[ANN] QuadraticKalman.jl - Quadratic State-Space Filtering

[ANN] QuadraticKalman.jl: Kalman Filtering for Quadratic State-Space Models

I’m excited to announce the first release (and my first package) of QuadraticKalman.jl, a Julia package that implements Kalman filtering and smoothing for state-space models with quadratic measurement equations.

Overview

QuadraticKalman.jl implements the Quadratic Kalman Filter from Monfort et. al. (2015, Journal of Econometrics) for the following state-space model with Gaussian noise:

State equation:

X_{t} = \mu + \Phi X_{t-1} + \Omega \epsilon_t, \quad \epsilon_t \sim \mathcal{N}(\mathbf{0},\mathbb{I}_N)

Measurement Equation:

Y_t = A + B X_t + \alpha Y_{t-1} + \sum_{i=1}^M e_i X_t^\prime C_i X_t + D \eta_t, \quad \eta_t \sim \mathcal{N}(\mathbf{0}, \mathbb{I}_M), e_i := \mathbb{I}_M[:,i]

The Quadratic Kalman Filter is an improvement over naively adding quadratic terms to the classic Kalman Filter by maintaining the structure of the covariance matrix in the linearized state-space.

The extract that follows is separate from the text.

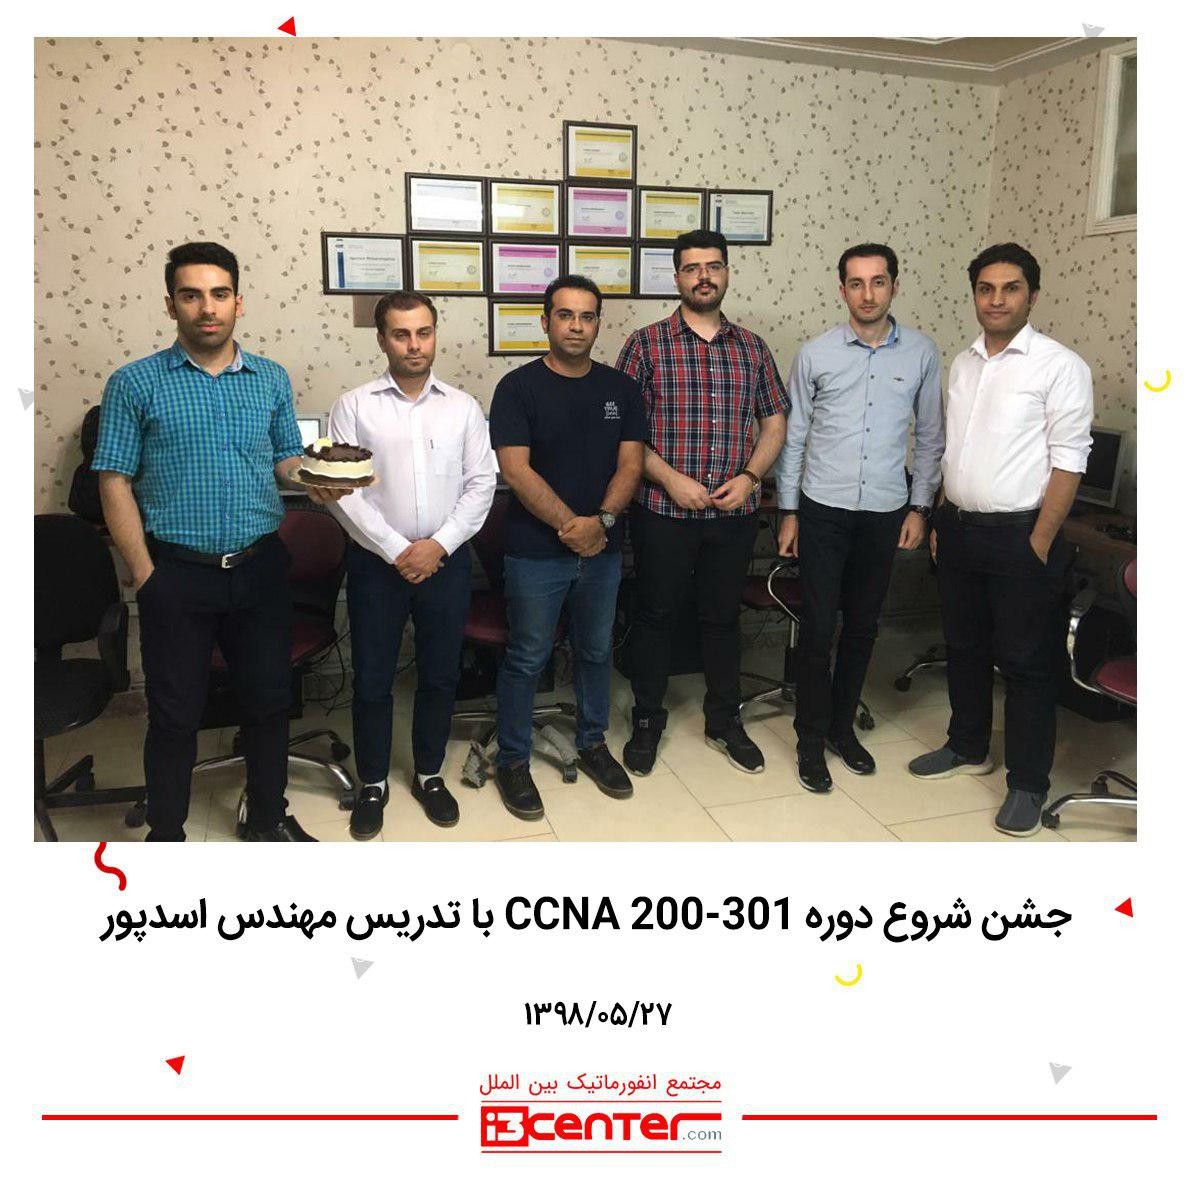 جشن شروع دوره CCNA 200-301  با تدریس مهندس اسدپور

Although less flexible than the EKF, UKF, and Quadrature Kalman Filter, the QKF is computationally cheaper and more accurate when the measurement equation is known to be quadratic.

Key Features

  • Kalman filtering and smoothing for quadratic state-space models
  • Extends original implementation with autoregressive measurement equations
  • Automatic differentiation of negative log-likelihood using ForwardDiff.jl
  • Visualization tools for filtered and smoothed states
  • Efficient parameter-model conversion for optimization
  • Automatic reparametrization for positive-definite covariance matrices
  • 9x - 62x faster than equivalent R implementation
  • Numerically stable implementation

Future Planned Features

  • A mutating version of the filter optimized for memory allocations
  • Extend the filter for state-dependent noise
  • Compatibility with ReverseDiff.jl

Edit: Changed R comparison after properly benchmarking

7 Likes

Congratulations, this looks very cool. The example docs look great! I like the nice plotting of the uncertainty.

8.8x faster than equivalent R implementation

Normally I’d expect R to be 100x slower, because this kind of iterative matrix mul-adds is usually pretty slow. Do you know if that version is calling a C library? The equations look well-suited to Julia, which should then be about same speed as C. Or is there something in the computation that’s bogging down Julia?

1 Like

Thanks @apo383! I appreciate the complements and feedback.

I agree 8.8x is a little slow. For the initial release I optimized the in-place version of the filter and smoother for readability, design, and AD-friendliness. The 8.8x result is for the in-place version. Once I get around to optimizing the mutating version that will likely be much faster. And then I will need to do another iteration to get that code to be AD-friendly which will likely mean trying to get it to play with Enzyme.jl. I tried it once through Enzyme and it caused a crash, but I’ve done some work previously on this and think I can get it to work.

The key bottleneck I faced is a robustness technique to correct for slightly non-PSD covariance update matrices where you replace the negative eigenvalues to 0 and reconstruct the matrix. Currently I maintain AD-friendliness through that routine by using ForwardDiff.jl which can handle eigen(Symmetric(A)).

I’d definitely welcome tips on how to write code that is both AD-friendly and limits memory allocation.

That does sound like a likely bottleneck that probably swamps everything else. I briefly looked at the paper you referenced, and the algorithm equations look pretty straightforward, so the eigenvalue fixing seems like the only demanding issue.

I imagine the R code is using BLAS or something, but have no idea how they might be doing AD, which I thought was quite limited in R.

I briefly looked through QuadraticKalman.jl and saw a function d_eigen, but couldn’t find it used anywhere. Are d_eigen and AD are for future use? You may find DifferentiationInterface.jl helpful for trying out various approaches.

Probably a question for the original authors, but I wonder why they had to do the eigenvalue trick. A usual way to avoid that would be a square root filter, updating the covariance square root so that the covariance is always PDF. I’m imagining that they couldn’t formulate it in that way.

So I implemented some proper bench-marking and was underselling myself. For some reason in the 2-dimensional case the speedup is around 10x, but it is around 60x when looking at the scalar case and 25x in the 5-dimensional case.

I think a square-root version of the filter would have a much larger augmented state-space maybe posing a challenge for the R code. It would be interesting to see if Julia could handle it with reasonable speed.

And yes, d_eig is an artifact of an older version of the filter I tried to make work with Ezyme.jl.